From the startup rockstars, a lesson on success, failure and everything in between
The Past and the Present
The year was 1847 when a young Commander-in-Chief of Northern Province of the Royal British Army envisioned a grand structure that could have the power to harness the might of River Ganges, eventually giving life to the barren lands of northern India. The Solani Aqueduct, apart from being a Civil Engineering marvel and a standing symbol of excellence of human potential is also the reason why the white beauty of Indian Institute of Technology, Roorkee came into existence in the first place.
(Indian Institute of Technology, Roorkee - Main Building | photo courtesy: Sanyam Bahga )
One-sixty-eight years later, IIT-Roorkee, previously known as the Thomason College of Civil Engineering, is now recognised as one of the premier institutes of technology in India. With the alumni making their mark in the world, IIT-R is in no shape lesser than its sister colleges when it comes to delivering technocrats, scientists, managers, leaders and entrepreneurs. With the typical demographic of a small town, it has ensconced itself in a living community of freethinkers and hard-workers.
Joker(s) in the pack
Commonfloor.com, brainchild of IIT-R alumni Lalit Mangal and Sumit Jain, needs no introduction, thanks to its rather infamous rivalry with a notorious IIT-B startup. InMobi, the multi-million dollar mobile ad-service company, too, began as a brainchild of Co-founder and CTO Mohit Saxena, a 1997-batch alumnus. Apart from the giants like Commonfloor, InMobi, Oxigen and Jaypee group, the growing ventures of RazorPay, Foodpanda, InstaLively, RaysExperts, ezySolare etc. are creating a lot of buzz in the Indian startup community.
It's a fact that IITs, in recent times, have been found to lead the current startup bandwagon with its alumni spearheading all the fronts of the growing entrepreneurship wave. Bombay, Delhi and Kharagpur have been found to foster a warm and relaxed atmosphere for the growth of new startups on campus. Roorkee, on the other hand, due to its strange demographics and traces of the age-old university culture, is yet to develop the kind of liberal atmosphere which happens to be necessary for the incubation and growth of an on-campus startup.
In its endeavour to cultivate this spirit of entrepreneurship and promote startup culture in the campus, the event Venture Unplugged was organised by the Entrepreneurship Development Cell, IITR (EDC IITR) during Thomso 2015, the annual cultural fest.

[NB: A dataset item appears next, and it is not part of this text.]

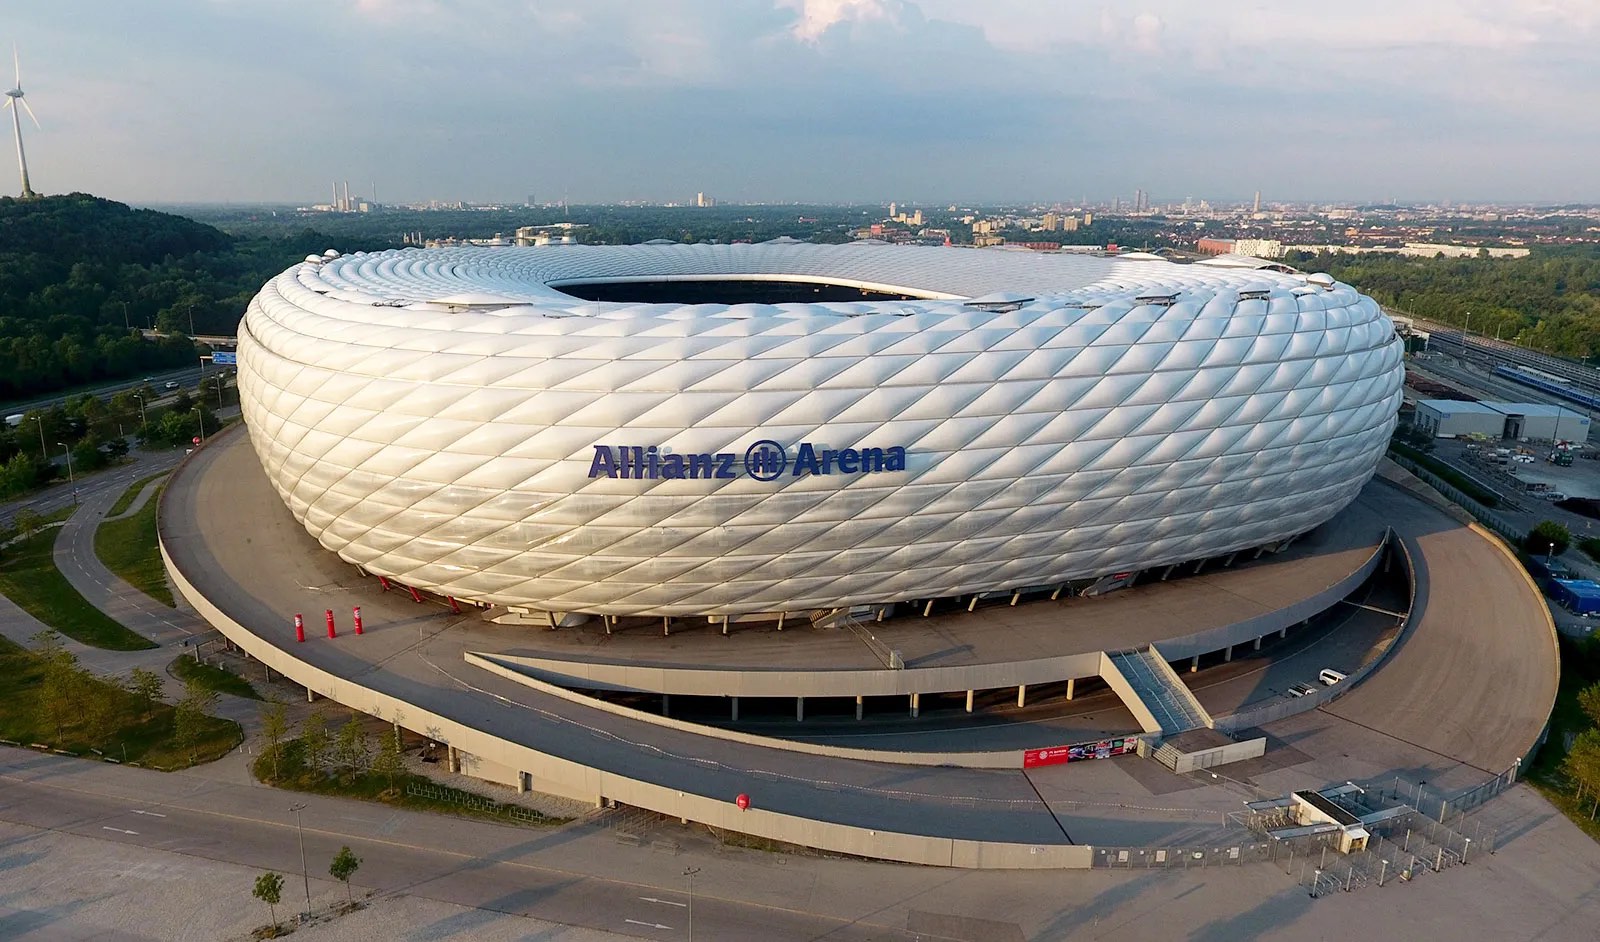 lich su svd Allianz Arena 03 jpg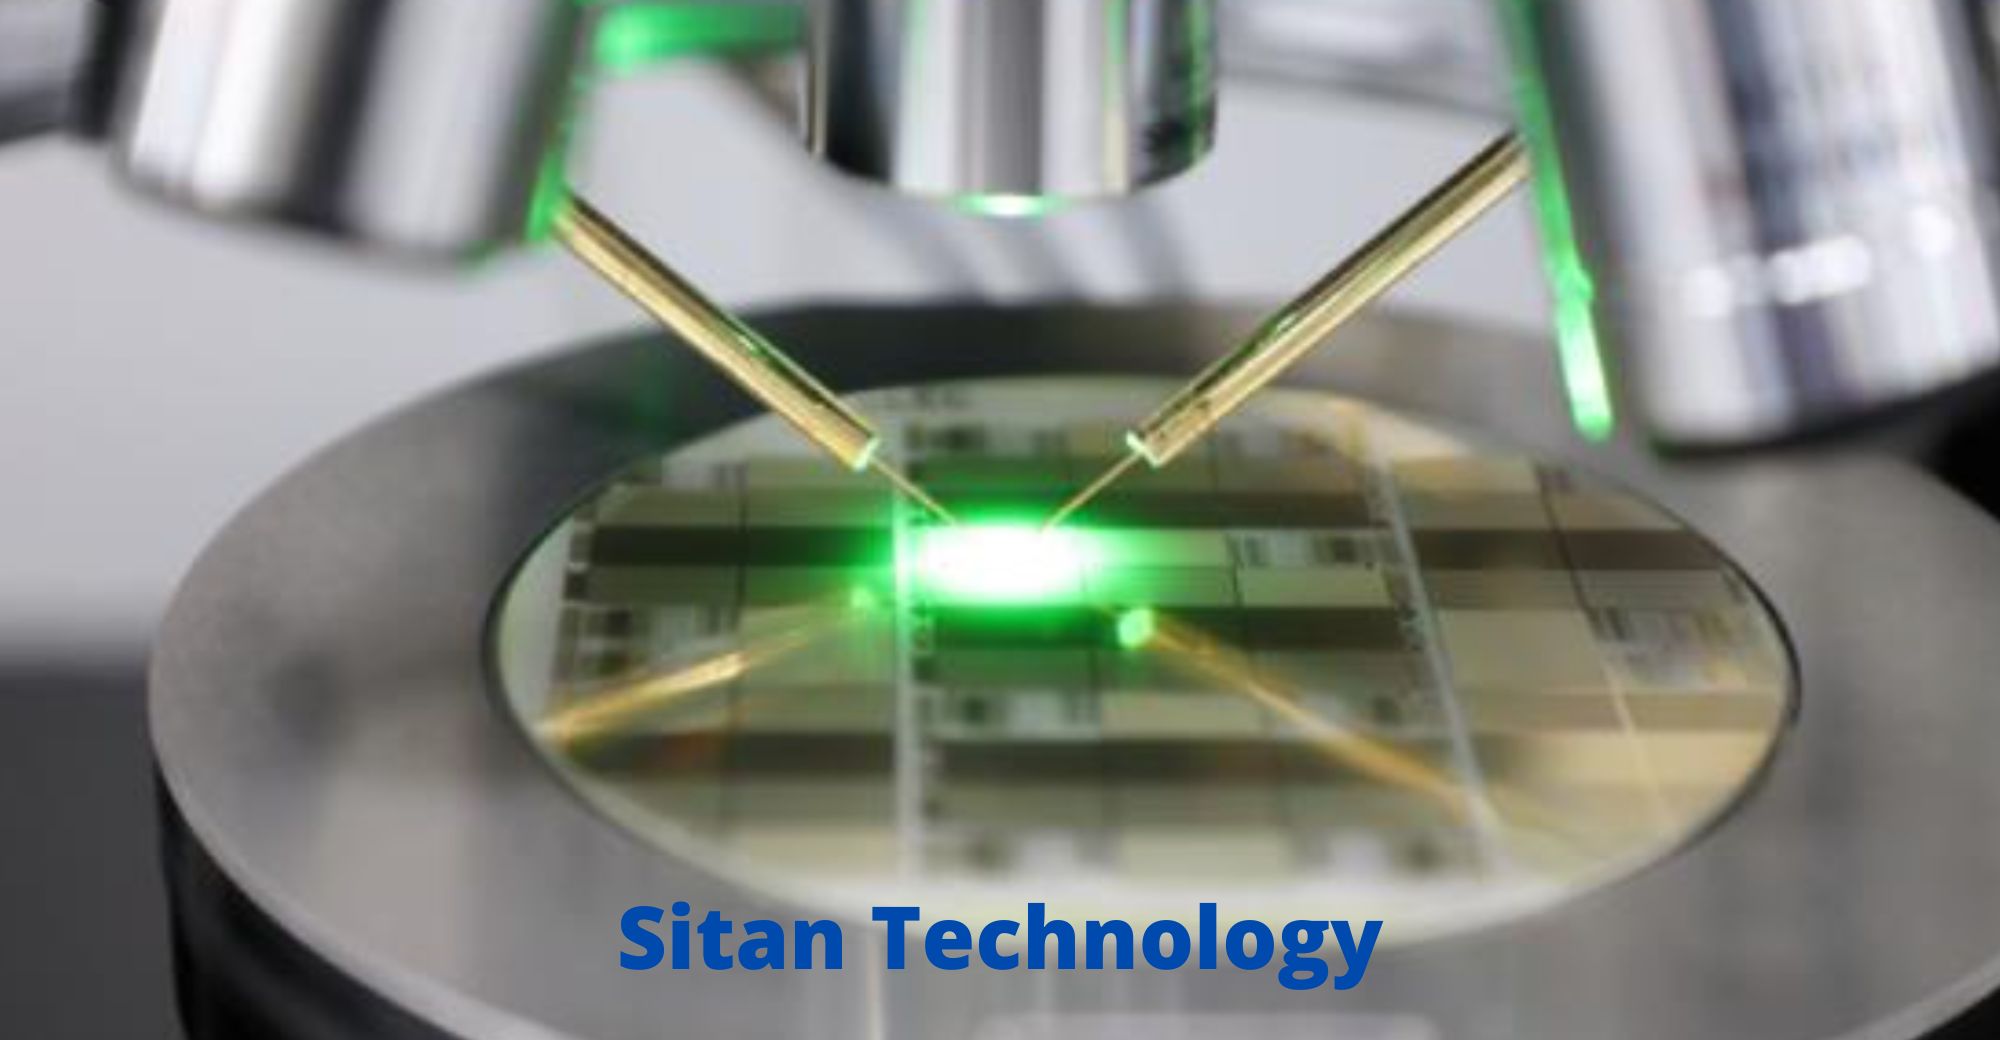 Sitan Technology, производитель микросветодиодных чипов, получает несколько раундов финансирования

With the phrase, ‘from spark to fire’, the panel discussion turned out to be an illuminating experience for aspiring entrepreneurs of IIT-R. The discussion saw the likes of some successful entrepreneurs and alumni of IITR. Moderated by current Founder and Chairman of Oxigen USA Inc. Pramod Saxena, the panel featured CTO and Co-founder of InMobi Mohit Saxena; Chairman of Technopak Advisors Arvind Singhal and CEO and Co-founder of Foodpanda Saurabh Kochhar. The panel presented a subtle contrast to the student audience with Pramod’s experience, Mohit’s expertise, Saurabh’s enthusiasm and energy and Arvind’s deep business insight.
(The Panel: (From left) InMobi’s Mohit Saxena, Oxigen’s Pramod Saxena, Technopak’s Arvind Singhal, Foodpanda’s Saurabh Kochhar)
From $2000 to a million
Finding the right void in the market is perhaps the most effective way to conceive a new company. If your firm solves an existential problem, it is bound to see success.
Mohit recounted InMobi’s early days and how an idea converted their remaining savings of USD 2,000 into a multi-million dollar company. “One has to be aware of the social fabric of the space they choose to work in”, he said, adding, “We started a venture that did not turn out well. My co-founder and I then later discovered a void in the market where we envisioned that there shall be a need for mobile advertisements in Asian countries where the market would grow in coming years. That's how InMobi was born.”
Saurabh of Foodpanda was also consistent with the idea of having the correct vision and clarity of the need before launching the service or product. “The mistake at my first company was the same. We were not able to answer the basic question of what problem our firm was solving in the market,” remarked the Co-founder of Printvenue.com. “That was the point when I decided to shut it down and start again from scratch. But here was the catch: I now had a totally new direction of thinking with me due to that reality check.”
Another brick in the wall
The major inquisitions that surround the mind of a college student before starting up encompass a number of fundamental queries, ranging from the success mantra of the startup to procuring the seed fund for getting their ideas in place. However, to establish a successful company the general methodology remains the same: think fast and work smart.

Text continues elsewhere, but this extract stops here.